# Joint Compression

## Combining weight palettization with activation quantization

Palettization and Quantization can be applied together to compress both weights and activations in a single model.
The workflow uses the same `KMeansPalettizer` and `Quantizer` APIs covered in previous sections, applied sequentially in a specific order: palettize weights first, then quantize activations on the palettized model.

When combining palettization with activation quantization, the lookup table (LUT) entries should also be quantized to `INT8` via `lut_qspec`.
A floating-point LUT causes operations to execute in floating-point regardless of the activation quantization, whereas an `INT8` LUT allows the runtime to use the faster W_INT8-A_INT8 execution path where available.

For quantizing activations, `graph`-mode quantization is used (the default).

**Note**: Models compressed via the joint compression flow can currently only be finalized to the `Core AI` backend.

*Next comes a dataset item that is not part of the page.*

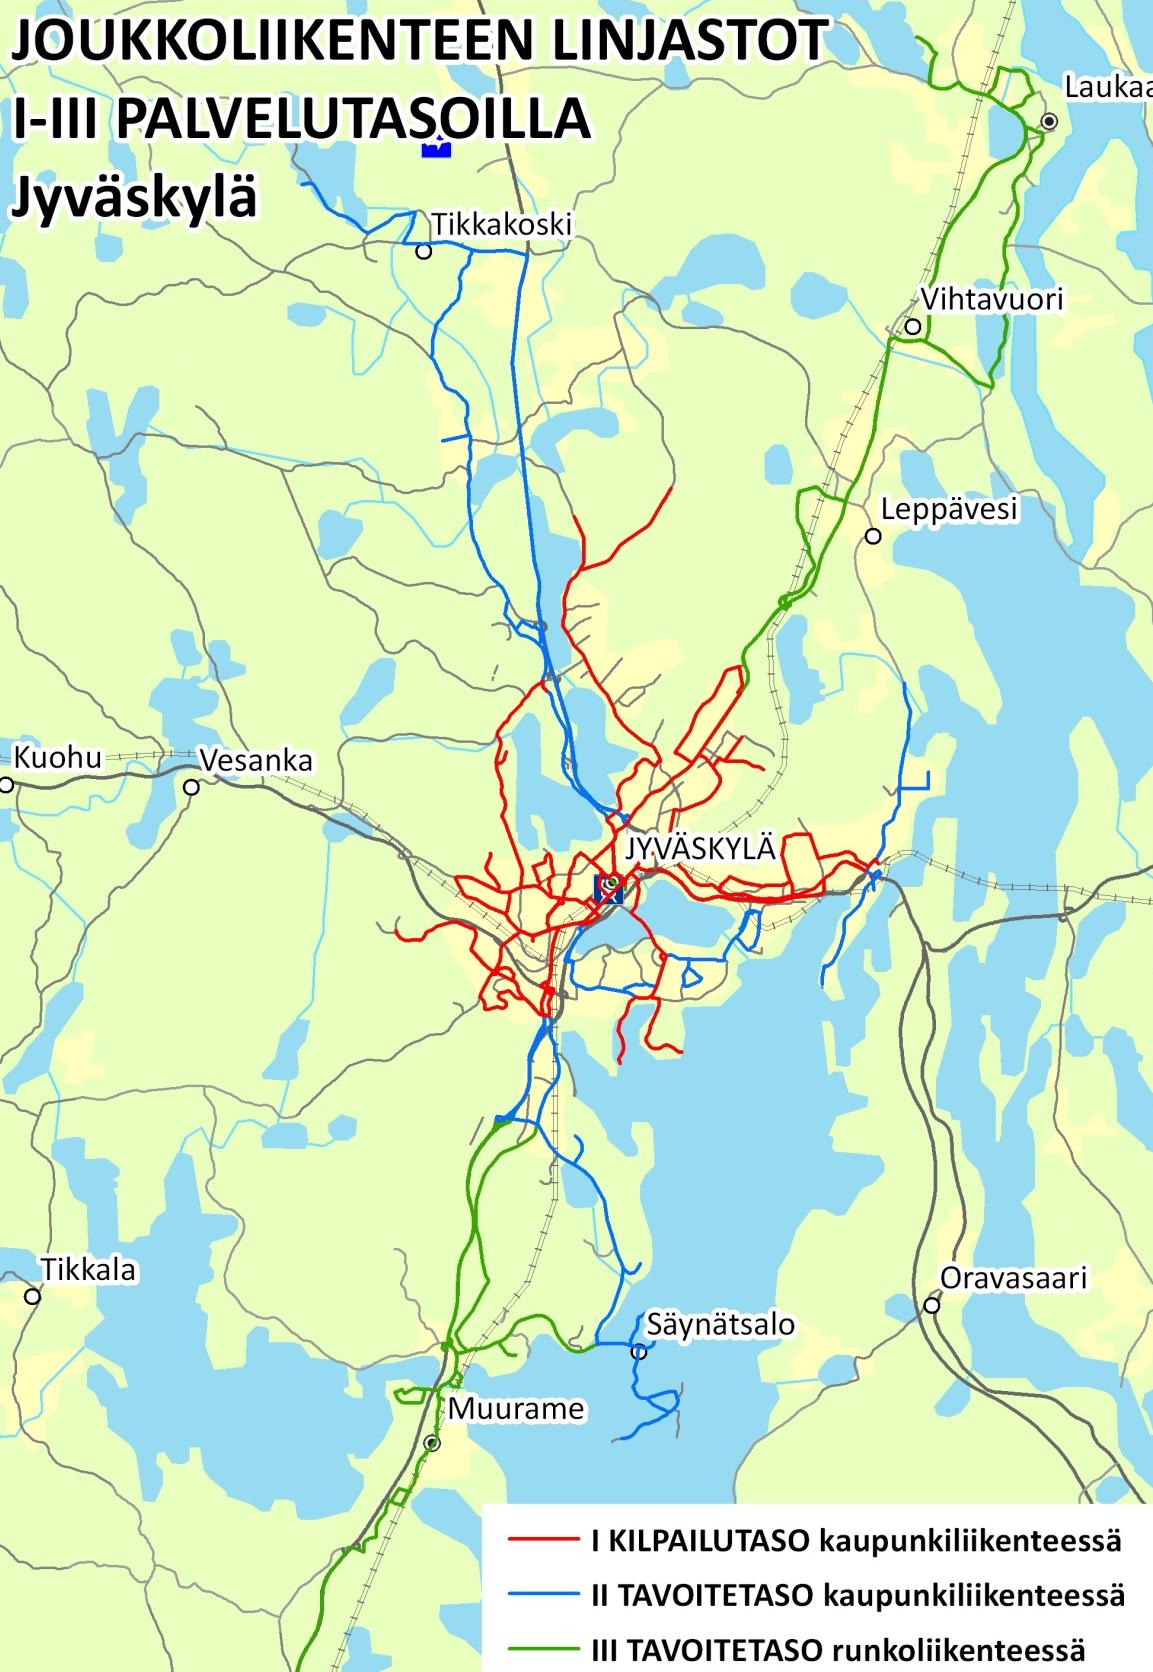 Jyväskylän joukkoliikenteen palvelutasoalueet I-III on esitetty kuvassa 2. Eteläportin-Kauramäen alue sijoittuu II tavoitetasolle kaupunkiliikenteessä.

## Step 1: Palettize weights

Configure 4-bit palettization and run `prepare` to install fake-palettization parametrizations on the model weights.
`INT8` LUT quantization is specified using the `lut_qspec` argument in `PalettizationSpec`.

```python
import torch
import coreai_opt as opt
from coreai_opt.palettization import (
    KMeansPalettizer,
    KMeansPalettizerConfig,
    ModuleKMeansPalettizerConfig,
    PalettizationSpec,
)
from coreai_opt.quantization import QuantizationSpec
from coreai_opt.quantization.spec import QuantizationScheme

lut_qspec = QuantizationSpec(dtype=torch.int8, qscheme=QuantizationScheme.SYMMETRIC)
palett_config = KMeansPalettizerConfig(
    global_config=ModuleKMeansPalettizerConfig(
        op_state_spec={"weight": PalettizationSpec(n_bits=4, lut_qspec=lut_qspec)},
    ),
)

palettizer = KMeansPalettizer(model, palett_config)
palettizer.prepare(example_inputs)
```

## Step 2: Finalize the palettizer

Call `finalize` to replace the `FakePalettize` parametrizations with a `torch.export`-compatible representation.
This must happen before activation quantization is applied because `quantizer.prepare` uses `torch.export`, which cannot trace through the parametrizations.

```python
palettized_model = palettizer.finalize(backend=opt.ExportBackend.CoreAI)
```

## Step 3: Configure and prepare activation quantization

Apply the `Quantizer` to the already-palettized model.
Set `op_state_spec=None` to disable weight quantization — weights are already compressed via palettization, so applying quantization on top would be redundant.
Use a representative data sample for `example_inputs` to provide a reasonable starting point for activation quantization parameters.

```python
from coreai_opt.quantization import (
    ModuleQuantizerConfig,
    Quantizer,
    QuantizerConfig,
)

act_spec = QuantizationSpec(dtype=torch.int8, qscheme=QuantizationScheme.SYMMETRIC)
quant_config = QuantizerConfig(
    global_config=ModuleQuantizerConfig(
        op_state_spec=None,
        op_input_spec={"*": act_spec},
        op_output_spec={"*": act_spec},
    ),
)

quantizer = Quantizer(palettized_model, quant_config)
prepared_model = quantizer.prepare(example_inputs)
```

## Step 4: Calibrate

Run representative data through the prepared model inside `calibration_mode` to collect activation statistics used to compute quantization scales.

```python
with quantizer.calibration_mode():
    for batch in calibration_dataloader:
        prepared_model(batch)
```

## Step 5: Finalize

Call `quantizer.finalize` to convert fake-quantization ops into backend-specific representations.
The model is then ready to be exported for downstream conversion with `coreai-torch`.
Refer to [Integration with Core AI](../introduction/integration_coreai.md) for more details.

```python
final_model = quantizer.finalize(backend=opt.ExportBackend.CoreAI)
```

## Notes

- For a working end-to-end example, see `test_p4a8_compression_mnist_accuracy` in `tests/test_joint_compression.py`.
- For export-related tests, see `test_mnist_p4a8_compression_export` in `tests/export/test_pt2e_mlir_export.py`.
- We explore applying joint compression to the EDSR model [here](../examples/edsr.md).